More preferably, the amount of the Cr (VI) compound in the oxidizing solution is determined, and the amount of the anion exchange material used in the first washing step is controlled based on the amount of Cr (VI) compound determined in the oxidizing solution. Even more preferably, the amount of anion exchange material is controlled to substantially passivate only the Cr (VI) compound and maintain at least a portion or substantially all of the permanganate oxidizing agent in the oxidation solution. Using slightly less anion exchange material than is required to bind all the Cr (VI) compounds contained in the oxidation solution ensures that the permanganate oxidant is not removed from the oxidizing solution. Since the anion exchange material has a higher affinity for the Cr (VI) compound, the permanganate initially capturing the anion exchange material is displaced by the Cr (VI) compound as it passes through the anion exchange material. Thus, the Cr (VI) compound is selectively removed from the oxidizing solution while the concentration of the permanganate oxidizing agent in the oxidizing solution remains high enough to further oxidize the metal oxide layer. Most preferably, the amount of the anion exchange material is adjusted to passivate about 80 to 95%, preferably 85 to 100% by weight of the Cr (VI) compound contained in the oxidizing solution.

It is desirable to passivate the Cr (VI) compound on the anion exchange material prior to initiating the decomposition step to remove the permanganate oxidizing agent from the oxidizing solution.

According to another preferred embodiment, the first cleaning step is started when the oxidation step is finished and the permanganate oxidizing agent is substantially completely removed from the oxidizing solution. In this embodiment, the oxidizing solution containing the Cr (VI) compound passes through the anion exchange material after the permanganate oxidizing agent is completely removed.

Preferably, the permanganate oxidant is completely removed by reacting the permanganate with a stoichiometric or substoichiometric amount of a reducing agent without changing the oxidation state of the Cr (VI) compound. The reducing agent may be an inorganic reducing agent or an organic reducing agent.

More preferably, the reducing agent is a compound that does not release any metal cation upon reaction with the permanganate oxidizing agent.

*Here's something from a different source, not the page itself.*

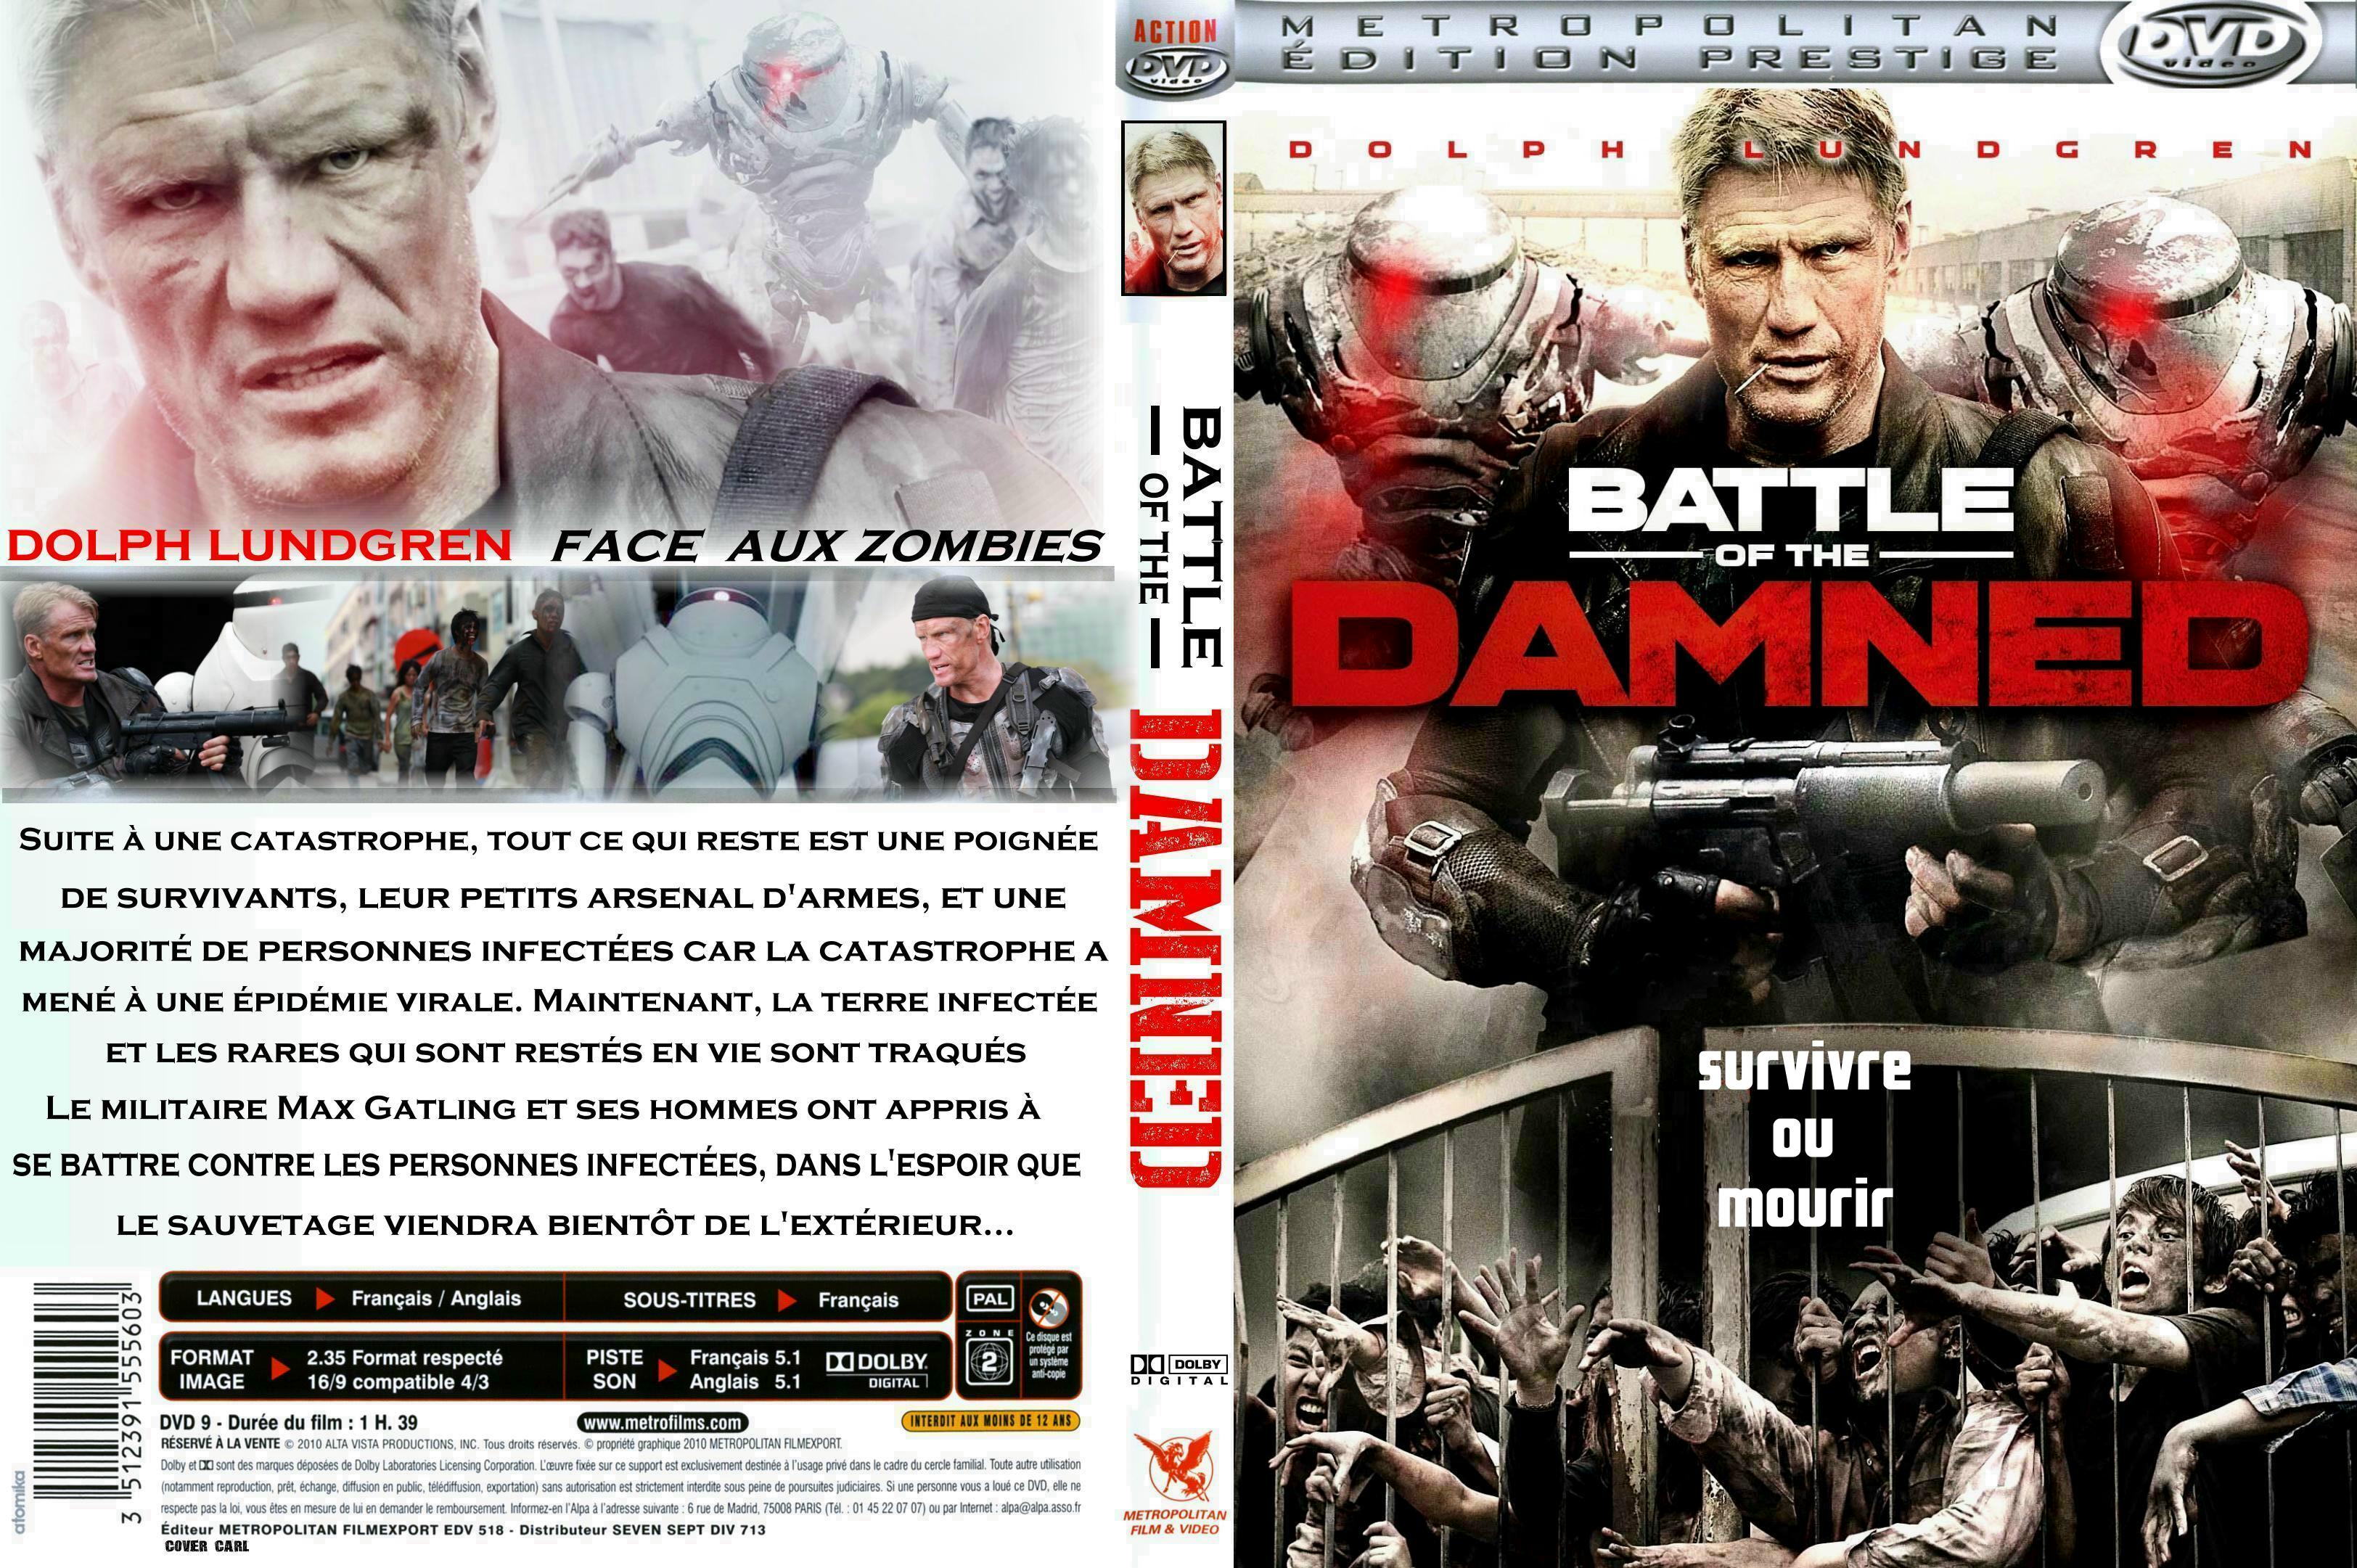 Jaquette DVD Battle of the Damned custom

Even more preferably, the reducing agent is selected from the group consisting of hydrogen, hydrogen peroxide, hydrazine, non-chelating monocarboxylic acids, non-chelating dicarboxylic acids and derivatives thereof.

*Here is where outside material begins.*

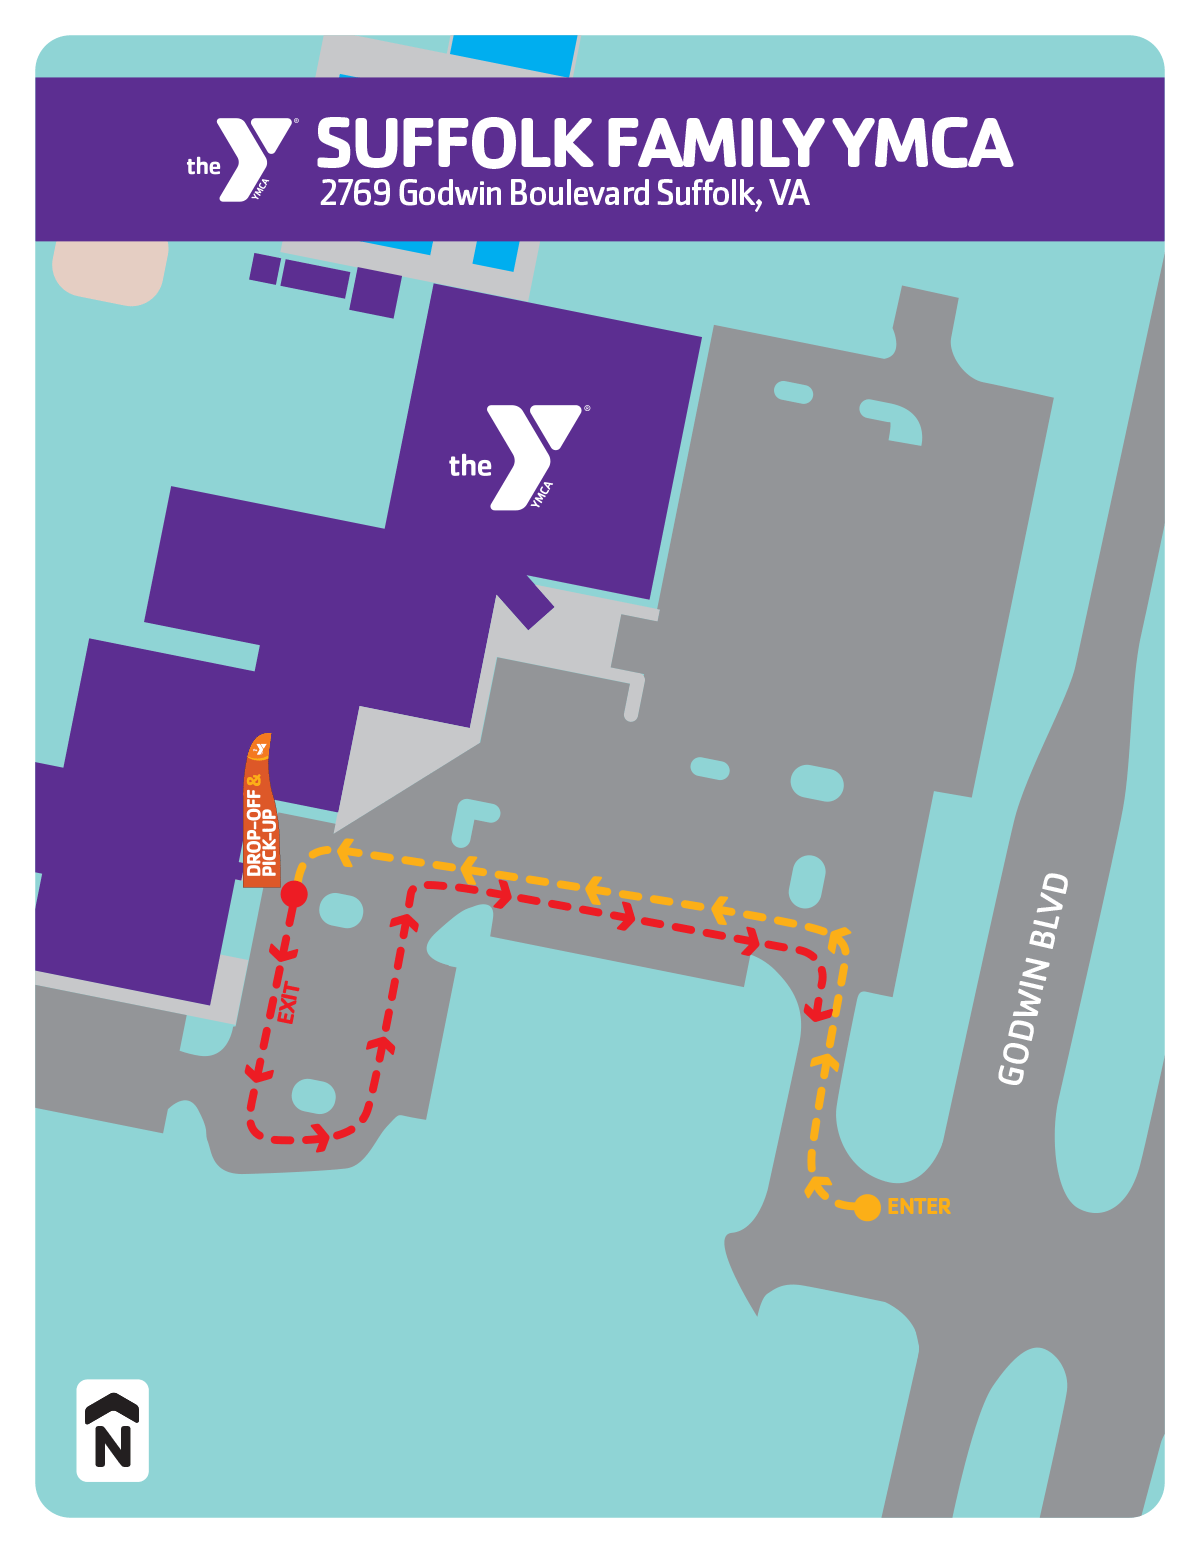 Summer camp drop-off & pick-up locations for the Suffolk Family YMCA

According to another embodiment, the reducing agent comprises a metal cation which changes its oxidation state upon reaction with the permanganate salt, more preferably a cation selected from the group consisting of iron (II) and chromium (III). This embodiment is less preferred because additional waste is generated.

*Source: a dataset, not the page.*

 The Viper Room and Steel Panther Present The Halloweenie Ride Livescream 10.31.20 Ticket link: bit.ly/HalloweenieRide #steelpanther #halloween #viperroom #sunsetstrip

Complete removal of the permanganate oxidizing agent may also be performed by electrochemical reduction using an electrode or other electrochemical means.

The reducing agent and / or electrochemical reduction may also be used to passivate the Cr (VI) compound on the anion exchange material prior to initiating the decomposition step and then remove the permanganate oxidant from the oxidant solution. Preferably, however, the oxidizing solution containing the Cr (VI) compound is not contacted with any organic acid prior to the subsequent decontamination step.

In a further preferred embodiment, the anion exchange material used to remove the Cr (VI) compound and / or the permanganate oxidizing agent is never exposed to the organic acid solution in the first rinsing step or the subsequent step of decontamination treatment.

Exposure of an anion exchange material to organic acids will result in manganese being washed away from the material. In addition, the chromium will be washed away from the anion exchange material and will form an additional chromium chelate complex, which must be avoided. Thus, the anion exchange material used in the first rinsing process is preferably discarded immediately after use, or any organic acid-containing process solution may be flowed through the anion exchange material used in the first rinsing process by a suitable valve located in the decontamination circuit Can be prevented and the use of the anion exchange material in the post-treatment cycle can be resumed if the capacity has not yet been consumed.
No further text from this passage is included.